Settling the Plains and the West
Settling the Plains and the West
The federal government was eager to settle the West as quickly as possible. The acquisition of territory in the Treaty of Guadalupe-Hidalgo and the discovery of gold in California provided easterners with great incentives to move to the West. Even during the dark days of the Civil War, the federal government continued its efforts to move people westward. This table shows three of the most important laws the government passed.

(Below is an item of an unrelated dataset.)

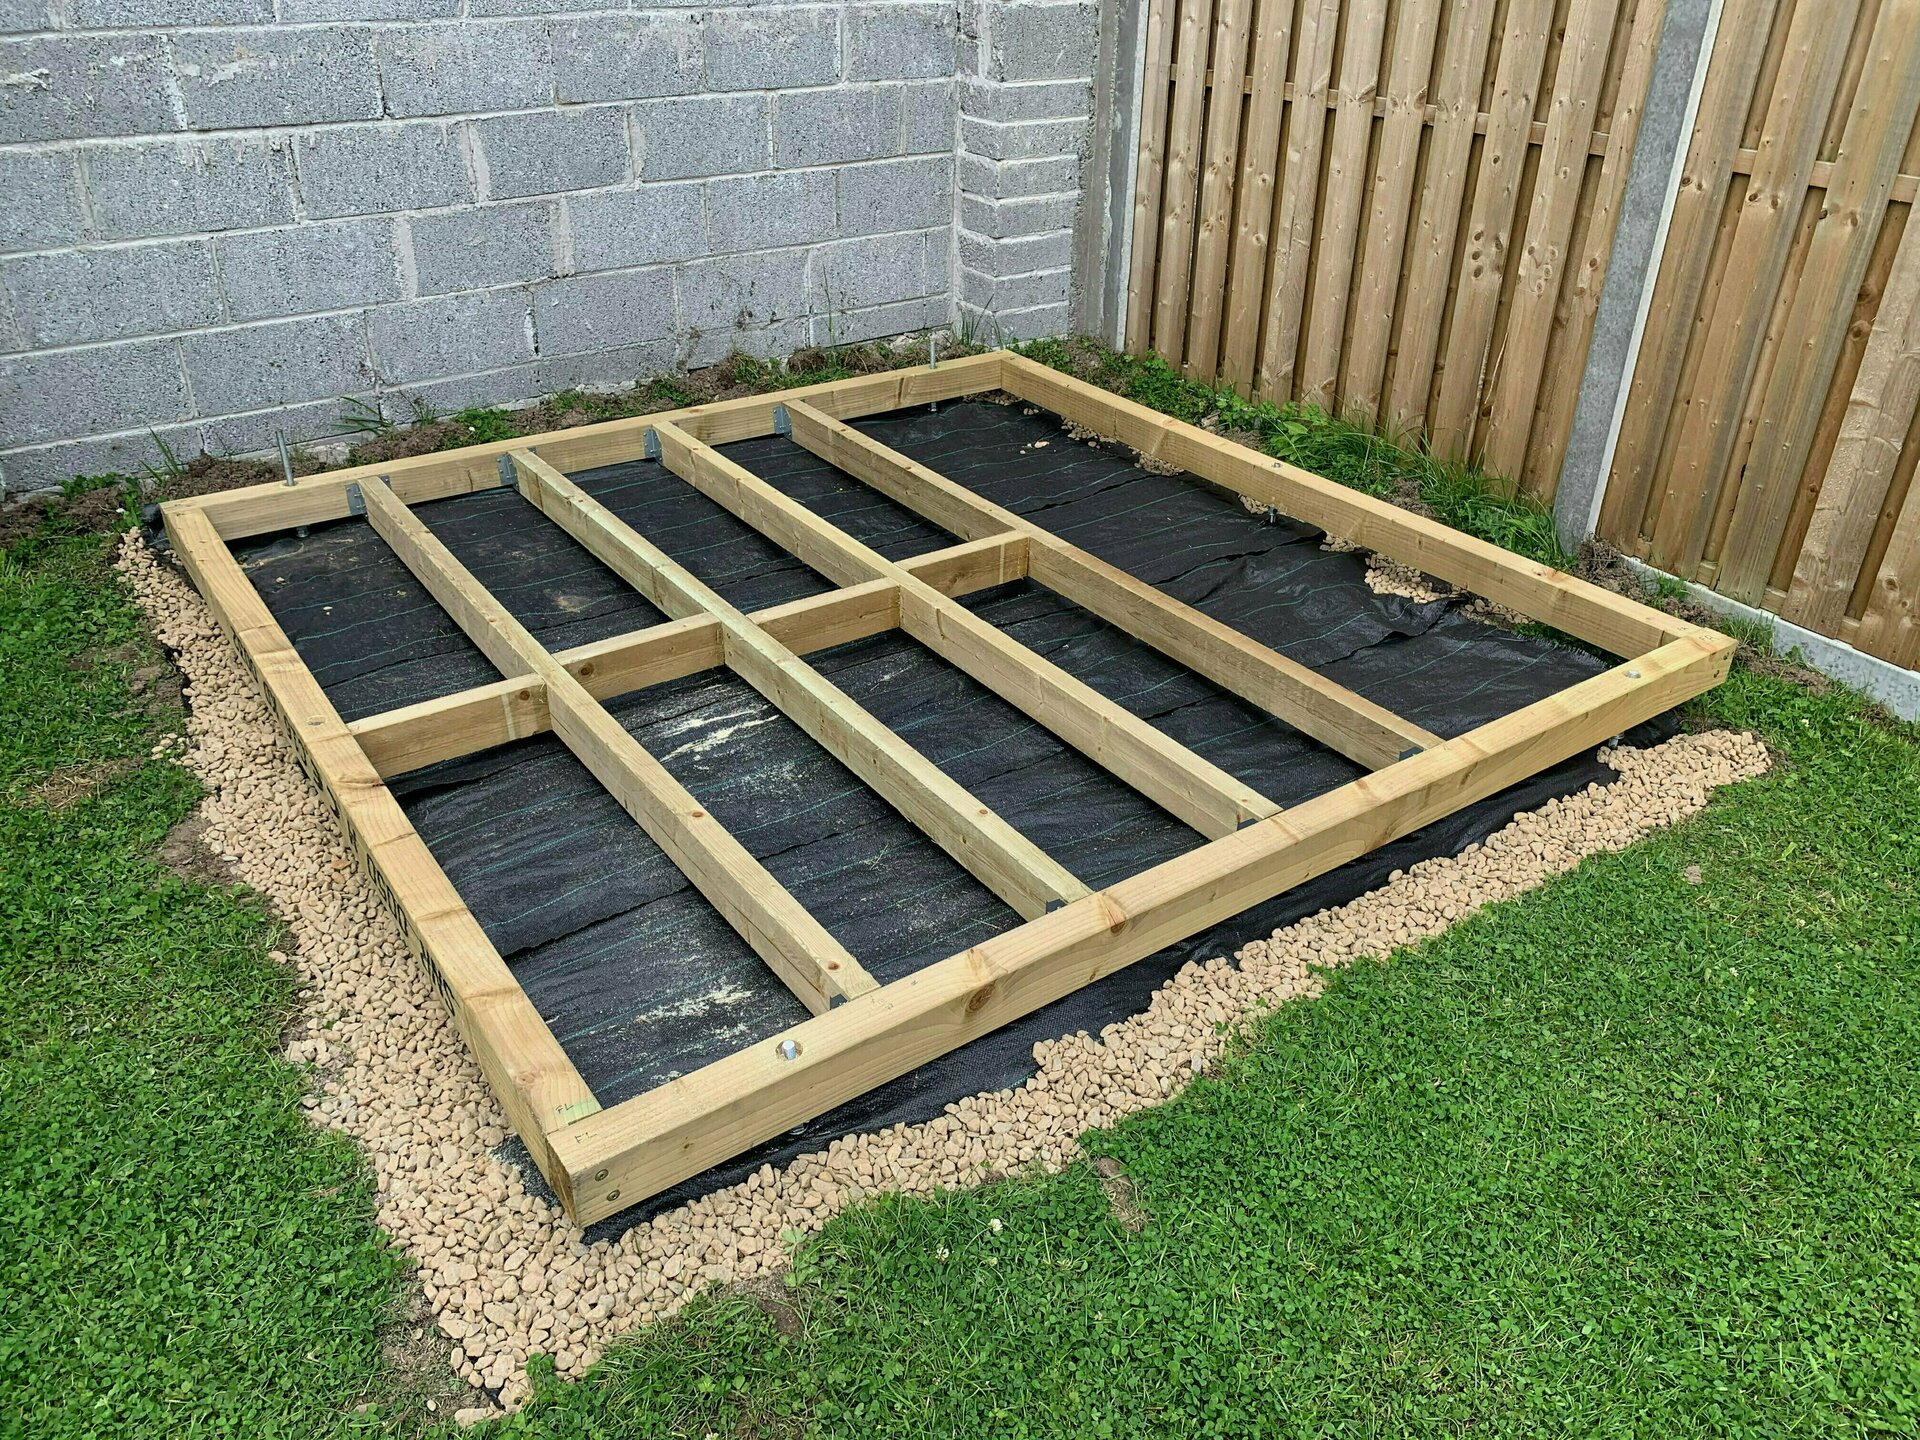 DIY Garden Shed Build - Part 1: Foundations and Base | Diarmuid.ie

The Pacific Railway Act had many effects beyond facilitating the development of a transportation system. The railroads became the biggest employers of the day, hiring thousands of people to survey the land, to level the grade over which the trains would pass, to lay the ties and the track, to manufacture the cars and seats, to build and staff the depots and stations, and to drive the trains. The railroads also sold off surplus land to homesteaders, further encouraging western settlement. Chinese immigrants proved to be experts at this kind of work, particularly because of their knowledge of explosives; the promise of jobs on the Central Pacific Railroad brought thousands of Chinese to the United States during the 1860s.
The Central Pacific Railroad Company began laying track at San Francisco and built toward the east, across the Sierra Nevada. The Union Pacific began at Omaha and built westward. The Union Pacific met the Central Pacific at Promontory Point, Utah, in May 1869, near the north shore of the Great Salt Lake. The railroad was largely built with immigrant labor: Chinese laid the track for the Central Pacific, and the Union Pacific workers were overwhelmingly Irish, supplemented by young Civil War veterans and freedmen.
Families in search of farmland had gone westward with the first wagon trains. Then, in the years before the Civil War, a flood of young single men had traveled westward in search of gold, opportunity, freedom, and adventure. In 1865, the end of the war changed the pattern of westward migration once again. Most migrants of this era fell into one of three groups: immigrants, freedmen (and women), and middle-class whites.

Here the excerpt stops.